As Desert Deaths Soar, a Morgue Grows Crowded

"The Pima County morgue is running out of space as the number of Latin American immigrants found dead in the deserts around Tucson has soared this year during a heat wave."

JAMES C. McKINLEY, Jr. in the New York Times.

Arizona Girds For Long Legal Fight Over Immigration

"In blocking the heart of the bill, Judge Susan Bolton's ruling could not have been clearer, says Gabriel Jack Chin, a professor of law at the University of Arizona.  "It's basically a complete victory for the United States," Chin said."

TED ROBBINS on NPR.

July 27, 2010

Hollman Morris Granted Visa

"The U.S. State Department has reversed its decision to deny a visa to a leading Colombian journalist whose reporting has been highly critical of the country's U.S.-allied president.  "Happy, happy! This was terrible," a relieved Hollman Morris, an independent TV producer and reporter, told The Associated Press after he and his family picked up their visas at the U.S. Embassy on Tuesday.  Morris, his wife and their two children can now travel to Harvard for a yearlong Nieman Foundation fellowship for mid-career journalists."

FRANK BAJAK for the Associated Press.

Arizona Law Needs U.S. Cooperation

"Arizona authorities battling the Obama administration over the state's new immigration law may face an unforeseen obstacle in enforcing the measure: While local police can arrest illegal immigrants, only the federal government can deport them."

MIRIAM JORDAN in the Wall Street Journal.

July 25, 2010

Dallas County is part of Secure Communities program that raises immigrant profiling concerns

"More than half of Texas counties are now part of the program known as Secure Communities. The program relies on an FBI database and a fingerprint database of anyone who has had contact with federal immigration authorities.

Dallas County was the second county in the nation to sign up for the U.S. Immigration and Customs Enforcement program."

DIANNE SOLÍS in the Dallas Morning News.

July 23, 2010

Deportation Madness

"Carlos Roybal always thought of himself as an American. Born in Chile, he’d lived in the United States legally since he was five months old, growing up in a middle-class Miami neighborhood. In 2006, Roybal was studying to become a sound engineer at Miami Dade College. “That was my dream,” he says.

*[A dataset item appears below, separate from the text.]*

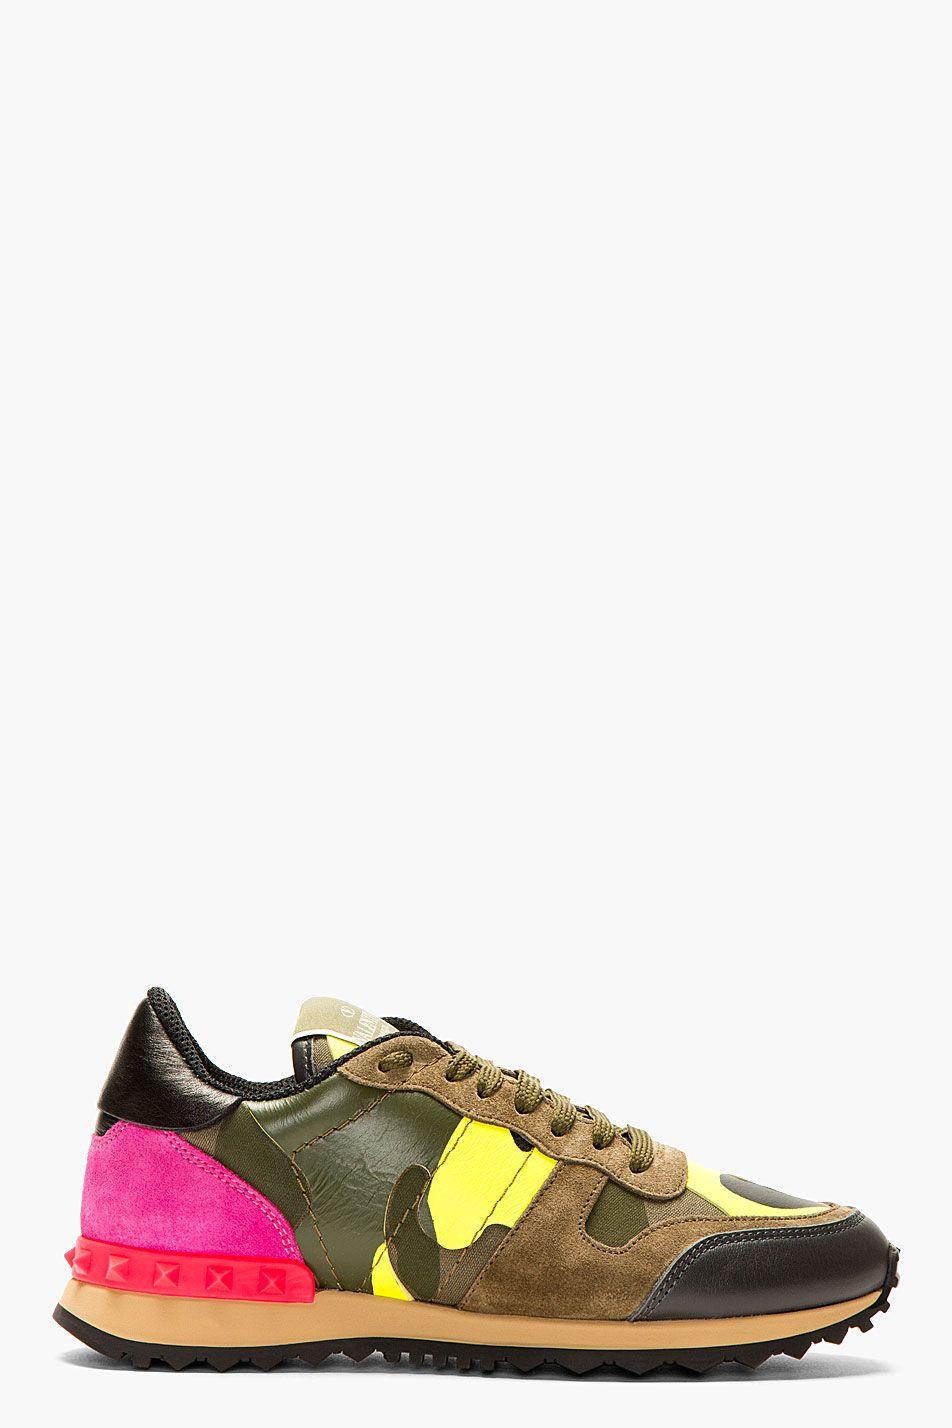 82a2614e0 VALENTINO Fluorescent Pink & Yellow Camo Print Sneakers   can i kick ...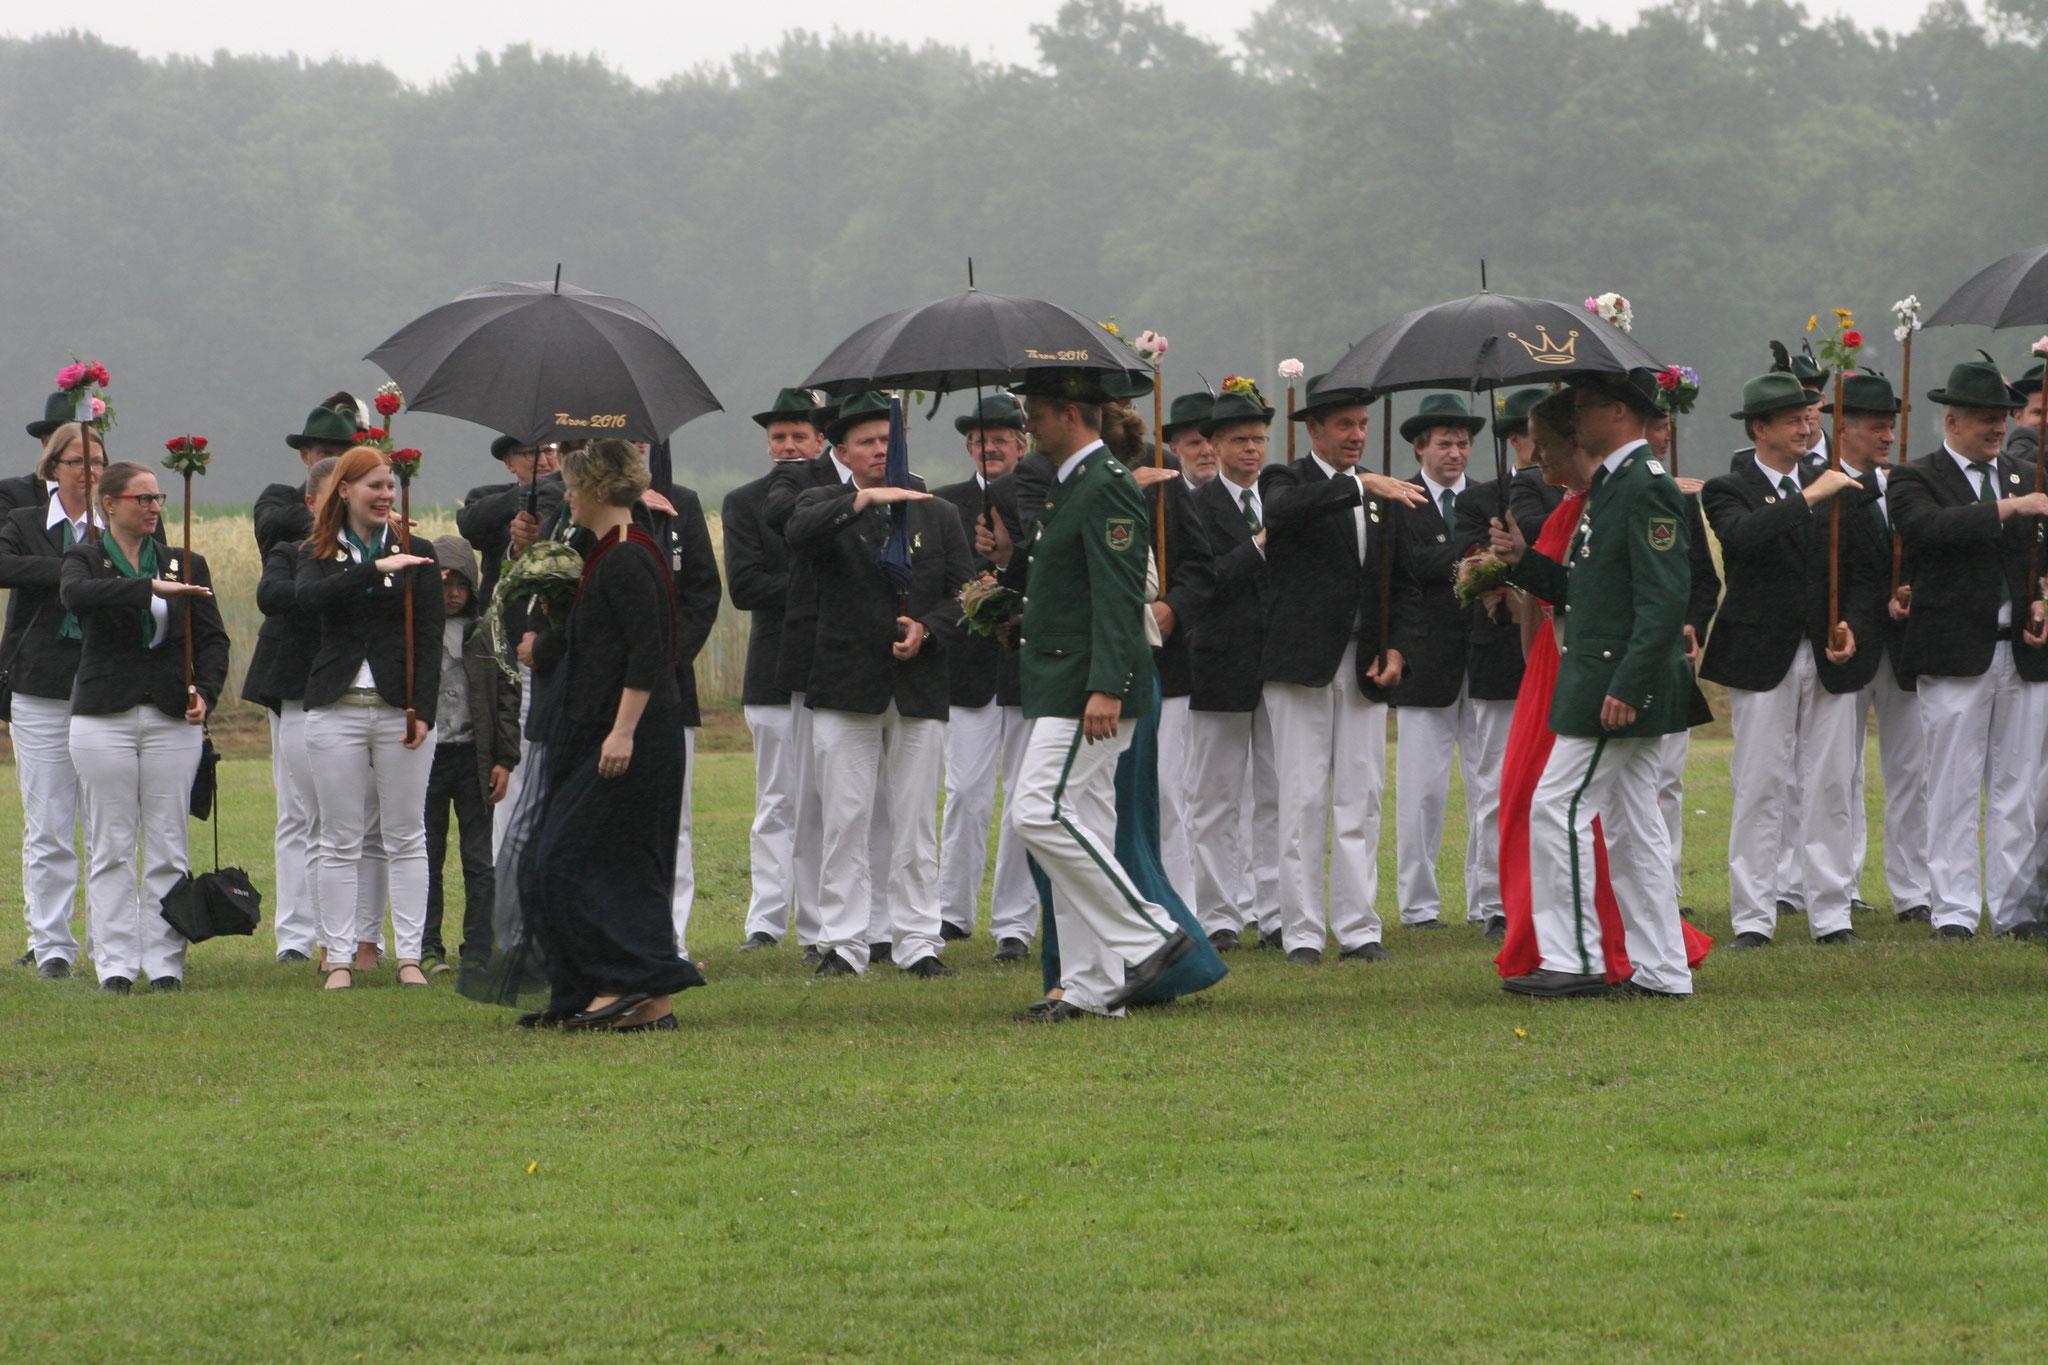 Abnahme der Parade (bei Regen)

When Roybal—who asked that a pseudonym be used for this story—returned to the United States from a vacation in January 2006, things turned nightmarish. After Roybal presented his permanent resident card to U.S. immigration authorities, they checked it against a Department of Homeland Security database and found that he had a criminal record—dating back almost a decade—of two misdemeanor convictions for possessing half a marijuana joint and a single tab of LSD. That August, Roybal was ordered to appear in immigration court. He was deported to Chile, a country he had not visited since infancy—and where only a few of his relatives remained."

MELISSA DEL BOSQUE in the Texas Observer.

No Visa, No School, Many NY School Districts Say

"Three decades after the Supreme Court ruled that immigration violations cannot be used as a basis to deny children equal access to a public school education, one in five school districts in New York State is routinely requiring a child’s immigration papers as a prerequisite to enrollment, or asking parents for information that only lawful immigrants can provide.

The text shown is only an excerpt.